■ Records to process ■
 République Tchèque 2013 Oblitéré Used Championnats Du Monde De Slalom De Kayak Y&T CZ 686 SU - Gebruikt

* * *

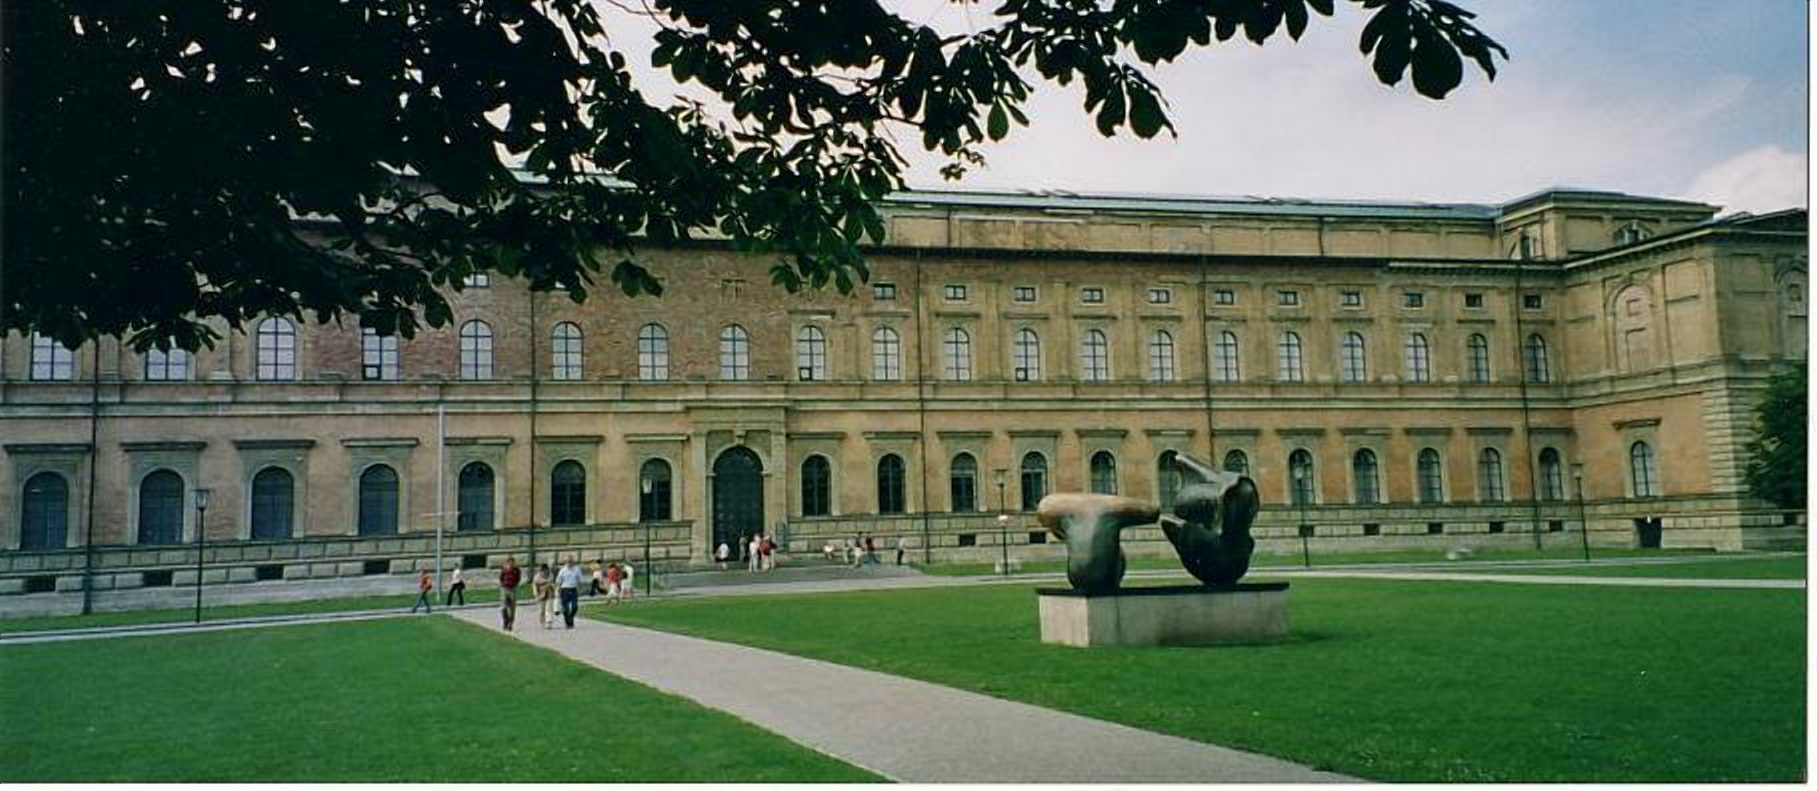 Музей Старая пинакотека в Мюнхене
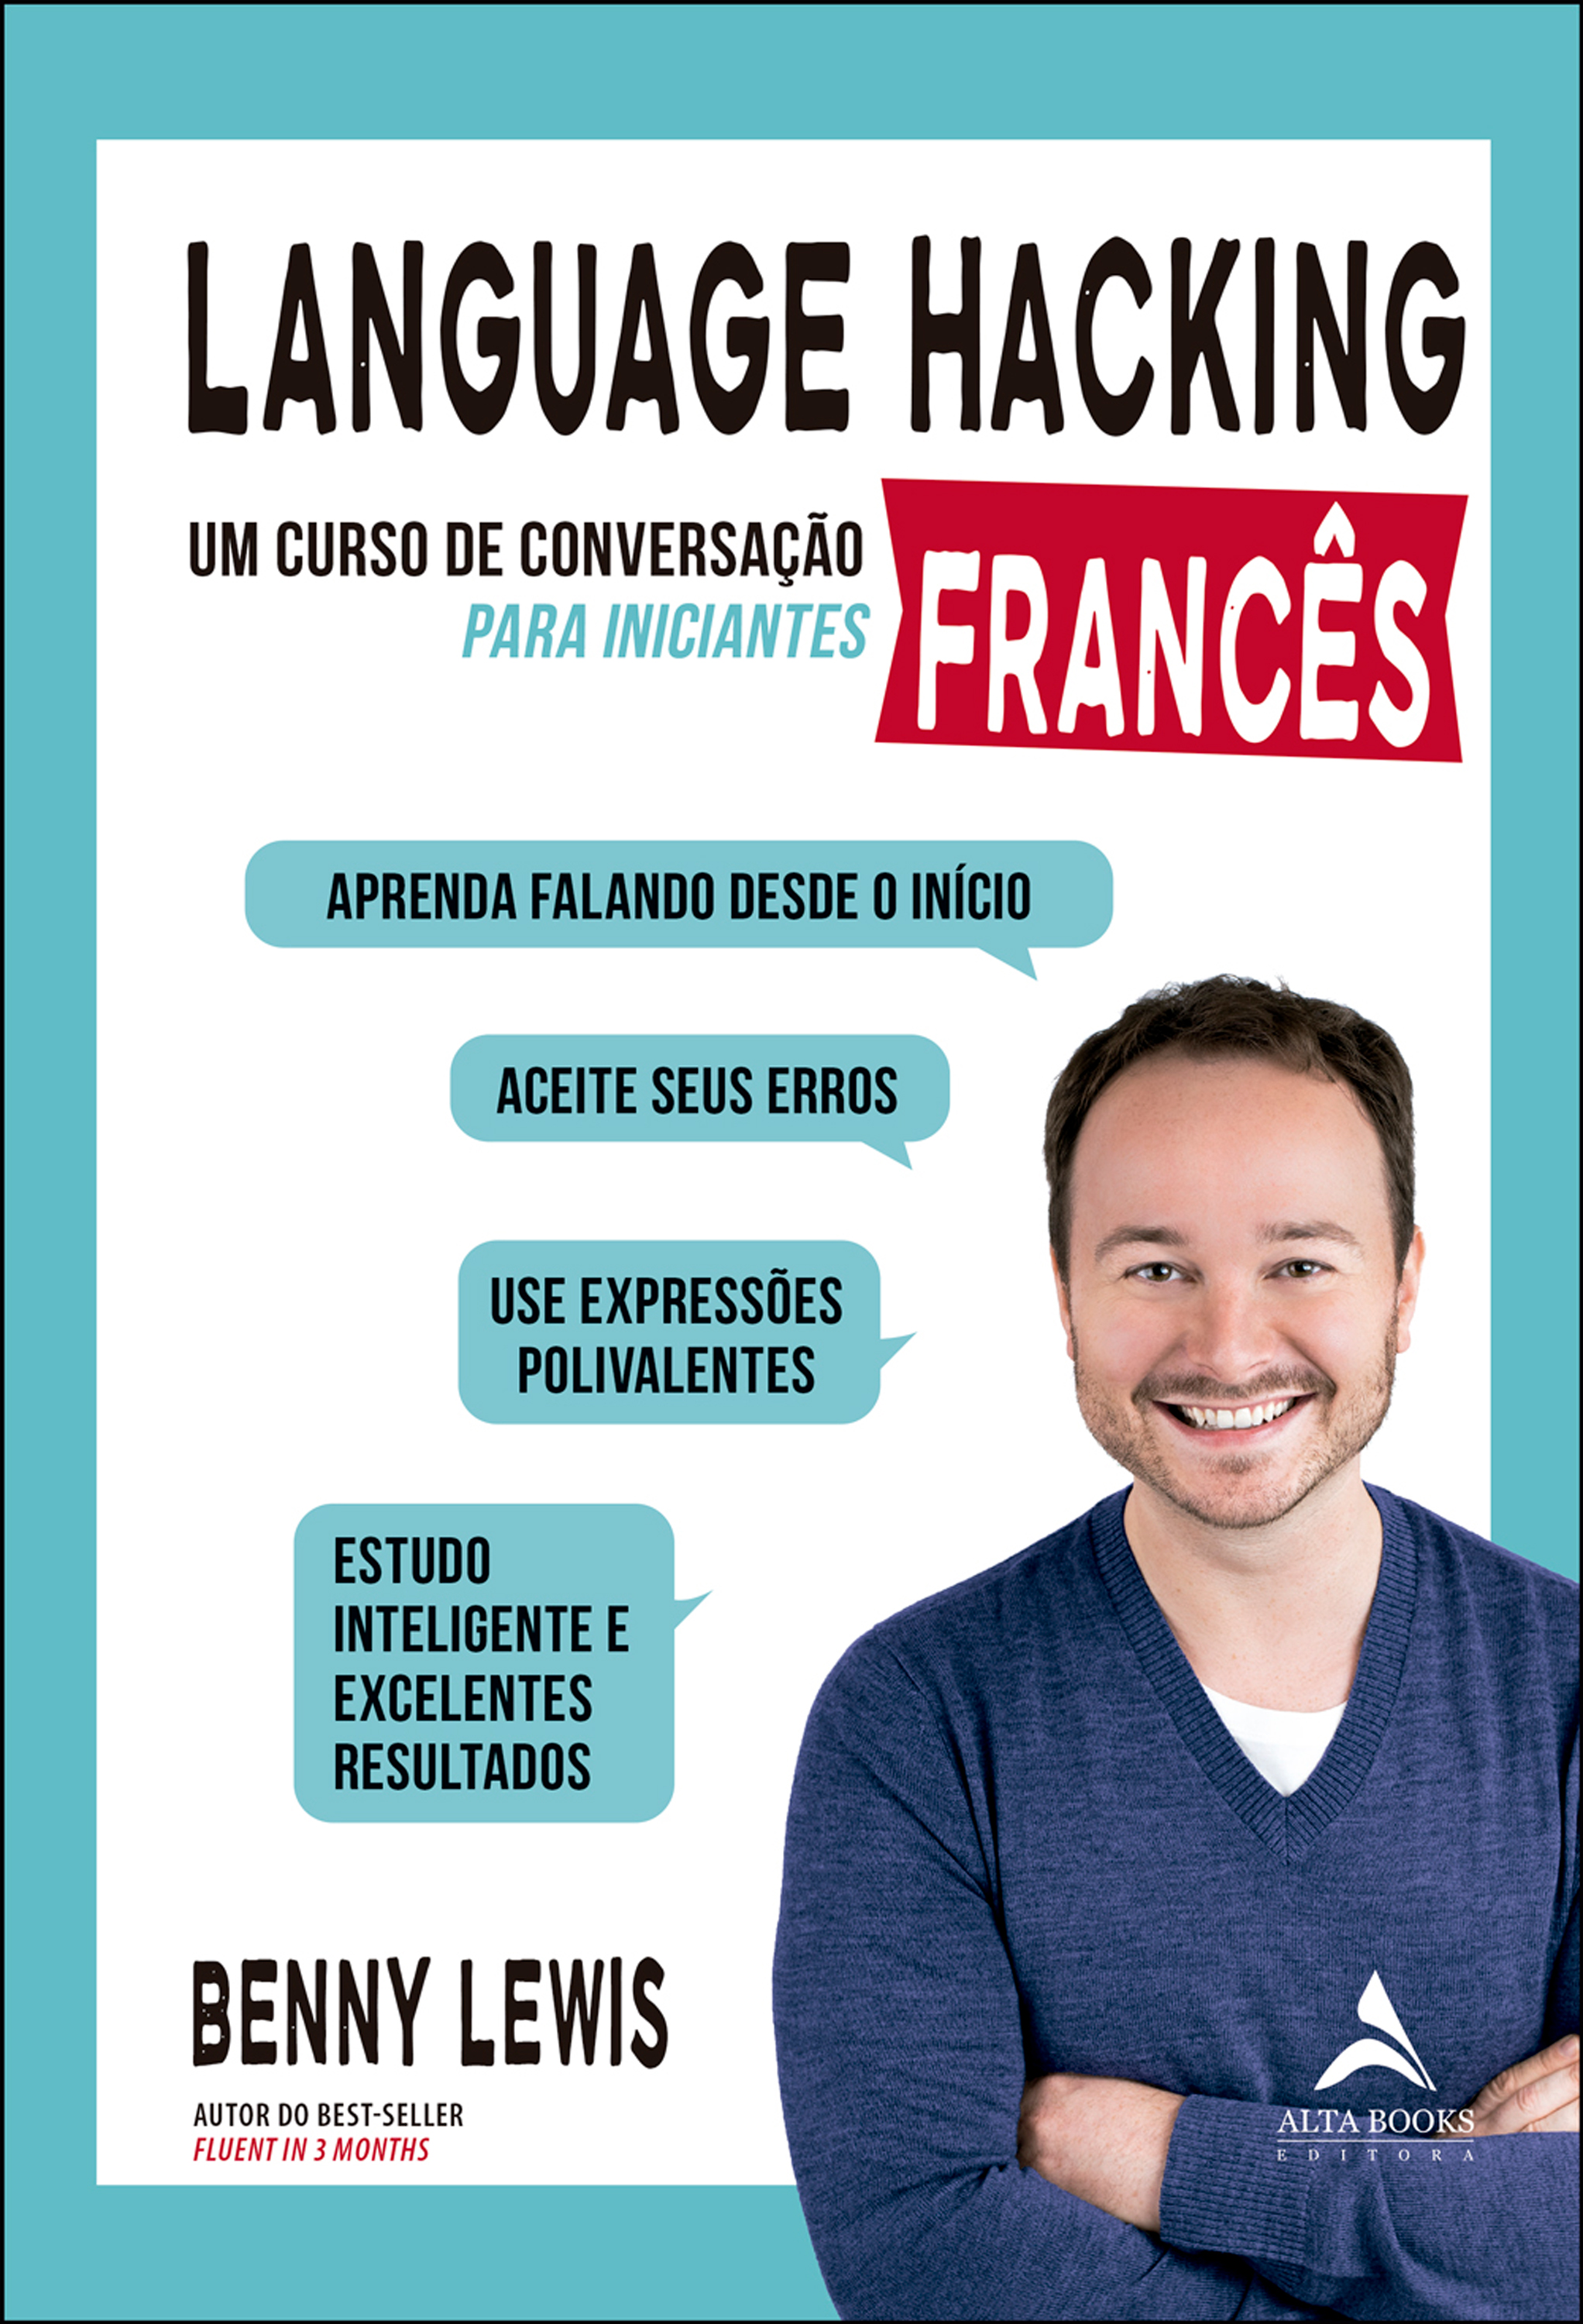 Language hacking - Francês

■ Task ■
Please copy out from the data above, without any picture, exactly the lines running from the one that holds "Музей Старая пинакотека в Мюнхене" through the one that holds "Language hacking - Francês", and nothing beyond them.

■ Answer below ■
 Музей Старая пинакотека в Мюнхене
 Language hacking - Francês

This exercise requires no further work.